Video compression is used in many current and emerging products such as digital television set-top boxes (STBs), digital satellite systems (DSSs), high definition television (HDTV) decoders, digital versatile disk (DVD) players, video conferencing, Internet video and multimedia content, and other digital video applications. Without video compression, digital video content can be extremely large, making it difficult or even impossible for it to be efficiently stored, transmitted, or viewed. Broadcast television (TV) and home entertainment systems have vastly improved in recent years due largely in part by the advent of digital TV and DVD video.
The standardization of video compression (video coding) technology, such as the MPEG (Motion Picture Experts Group) series of compression standards make these and other applications possible. The new MPEG4 standard in the MPEG series is enabling Internet-based video applications, while the International Telecommunications Union (ITU) Telecommunication Standardization Sector (ITU-T) H.263 video compression standard is now widely used in videoconferencing systems. The most recent international standard for video image encoding/decoding and compression to be widely pursued by industry is the International ITU-T International Organization for Standardization (ISO) video compression standard known as ITU-T/ISO H.264 or as advanced video codec (AVC) and MPEG-4 Part 10 (“H.264 standard” hereinafter).

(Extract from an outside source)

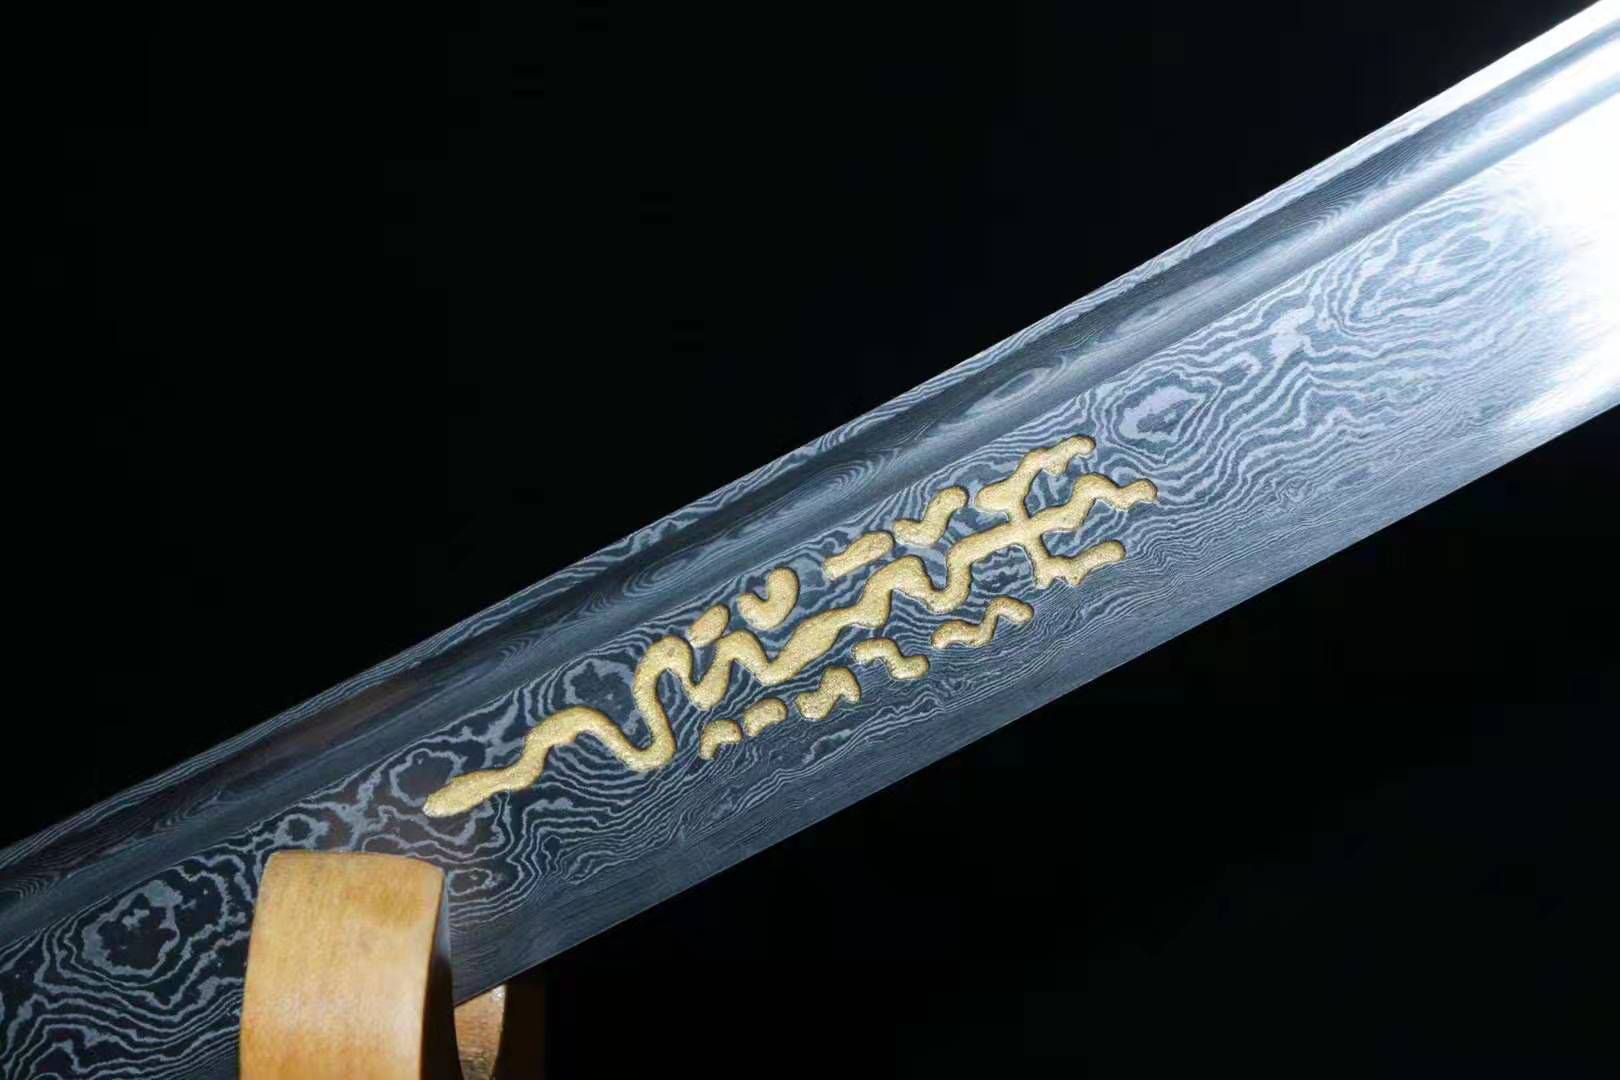 The Kokitei Handmade Chinese Dao Pattern Steel-Romance of Men

The H.264 standard was prepared by the Joint Video Team (JVT), which included the ITU-T SG16 Q.6, known as VCEG (Video Coding Expert Group), and the ISO/IEC JTC1/SC29/WG11, known as MPEG. The H.264 standard is designed for the applications in the area of Digital TV broadcast (DTV), Direct Broadcast Satellite (DBS) video, Digital Subscriber Line (DSL) video, Interactive Storage Media (ISM), Multimedia Messaging (MMM), Digital Terrestrial TV Broadcast (DTTB), and Remote Video Surveillance (RVS), among other video compression applications. Others standards include, the Joint Scalable Video Codec (JSVC/H.264 Amendment 3) (H.264 Amendment 3), VC1, China AVS, and the legacy video codec standards such as MPEG-4 Part 2 Versions 1 and 2, MPEG-2, MPEG-1, H.263, and H.261.

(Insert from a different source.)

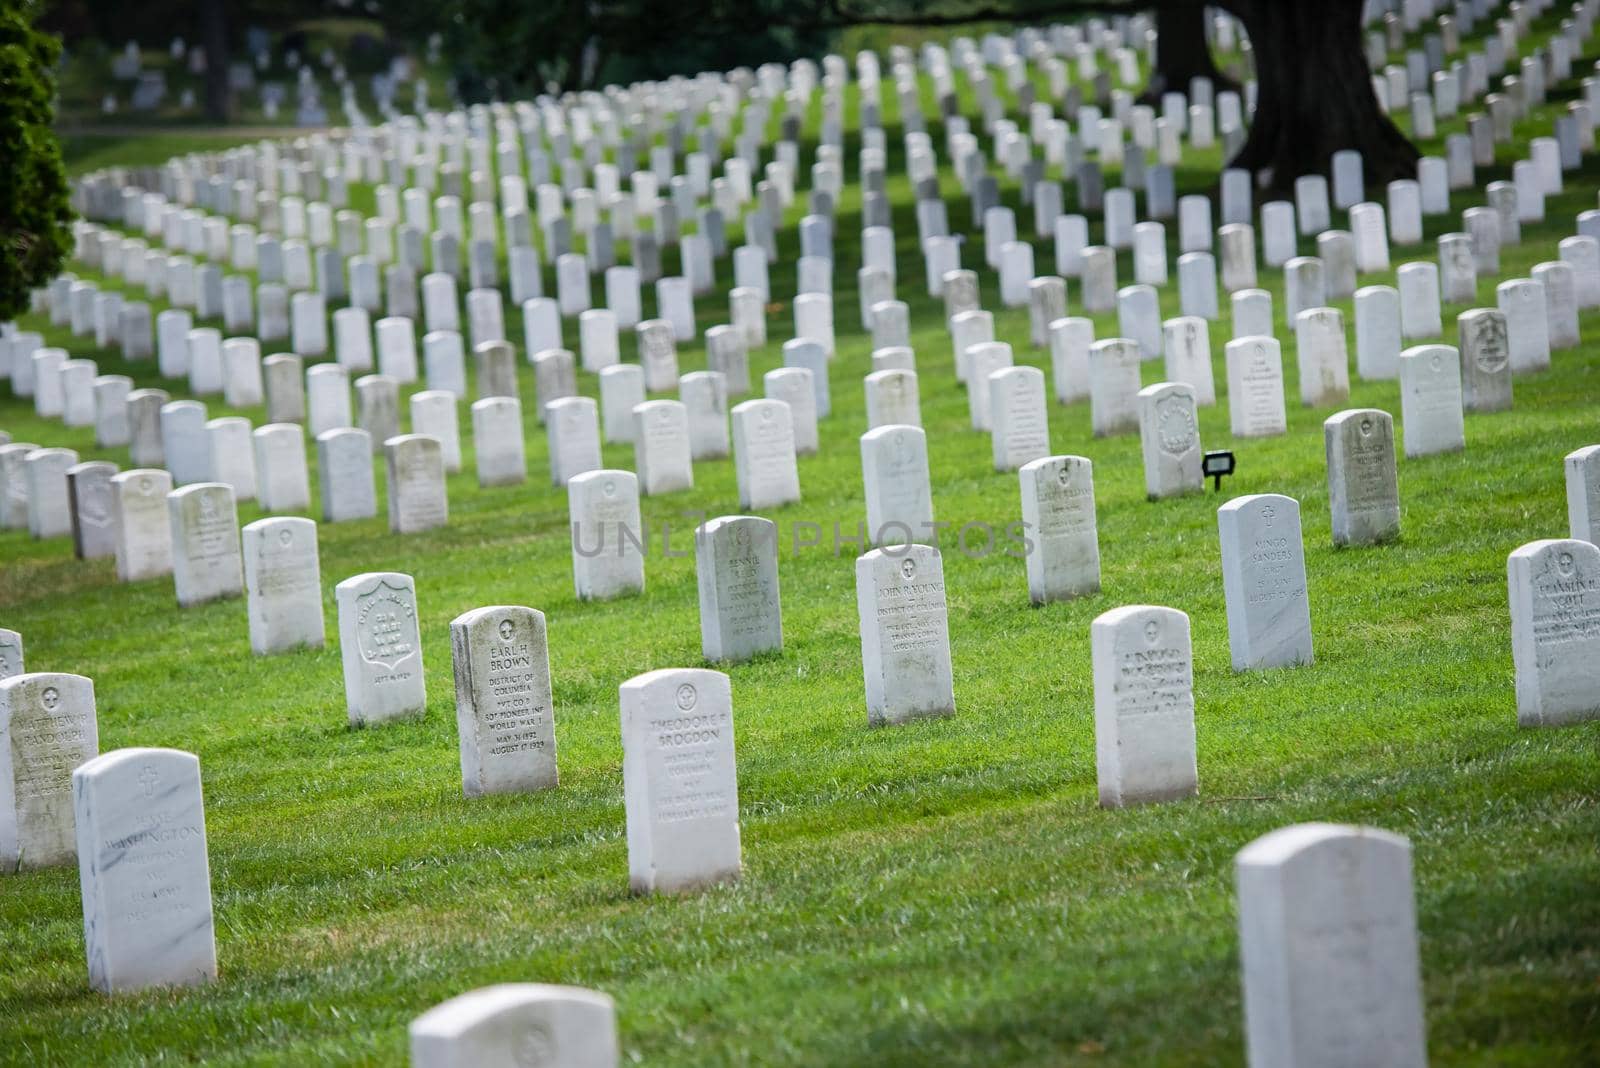 Gravestones at Arlington National Cemetery in Virginia by jyurinko

These video codec techniques are block based coding techniques that operate on macroblocks of pixels. These block based techniques utilize transform coding and entropy coding on the residue of a motion compensated block. A macroblock may include 16×16 luma pixels. In some standards, a macroblock may be further partitioned into 16×8, 8×16, and 8×8 blocks of pixels. In accordance with the H.264 standard, each 8×8 block, called sub-macroblocks, can be further divided into smaller blocks such as 8×4, 4×8, and 4×4 blocks of pixels.
Higher coding efficiency may be achieved by utilizing the spatial correlation between blocks. Video codec standards usually provide the use of previously decoded neighboring blocks to decode a current macroblock. Specifically, the coding parameters for the reconstruction of the motion vector, intra prediction, content adaptive binary arithmetic coding (CABAC), and macroblock property reconstruction of the current macroblock require the associated information from the previously reconstructed adjacent macroblocks.
In the H.264 standard, the task of reconstructing the coding prediction parameters becomes more complicated due to the flexible macroblock ordering (FMO) and arbitrary slice ordering (ASO) properties. FMO allows a picture to be divided into various scanning patterns such as interleaved slice, dispersed slice, foreground slice, leftover slice, box-out slice, and raster scan slice. ASO allows the slices of a picture to be coded in any relative order. With FMO and ASO, the decoding order of an H.264 standard picture may no longer be in the traditional macroblock raster scan order of the picture. As a result, the design of reconstructing coding parameters and macroblock decoding techniques for H.264 standard video remain challenging tasks. Conventional H.264 standard video codec techniques are implemented in accordance with the concepts from the JM reference software of the H.264 standard committee. The JM reference software, however, utilizes a global data buffer to store the information associated with the decoded macroblock parameters for an entire picture. The retrieval of reference data for decoding the video of the FMO and ASO coding modes requires frequent accesses to an external memory that stores the information from the global data buffer at every macroblock level. Frequent accesses to the external memory at the macroblock level are very costly in hardware implementations. Accordingly, there may be a need for a scheme to reconstruct video coding parameters using FMO and ASO techniques.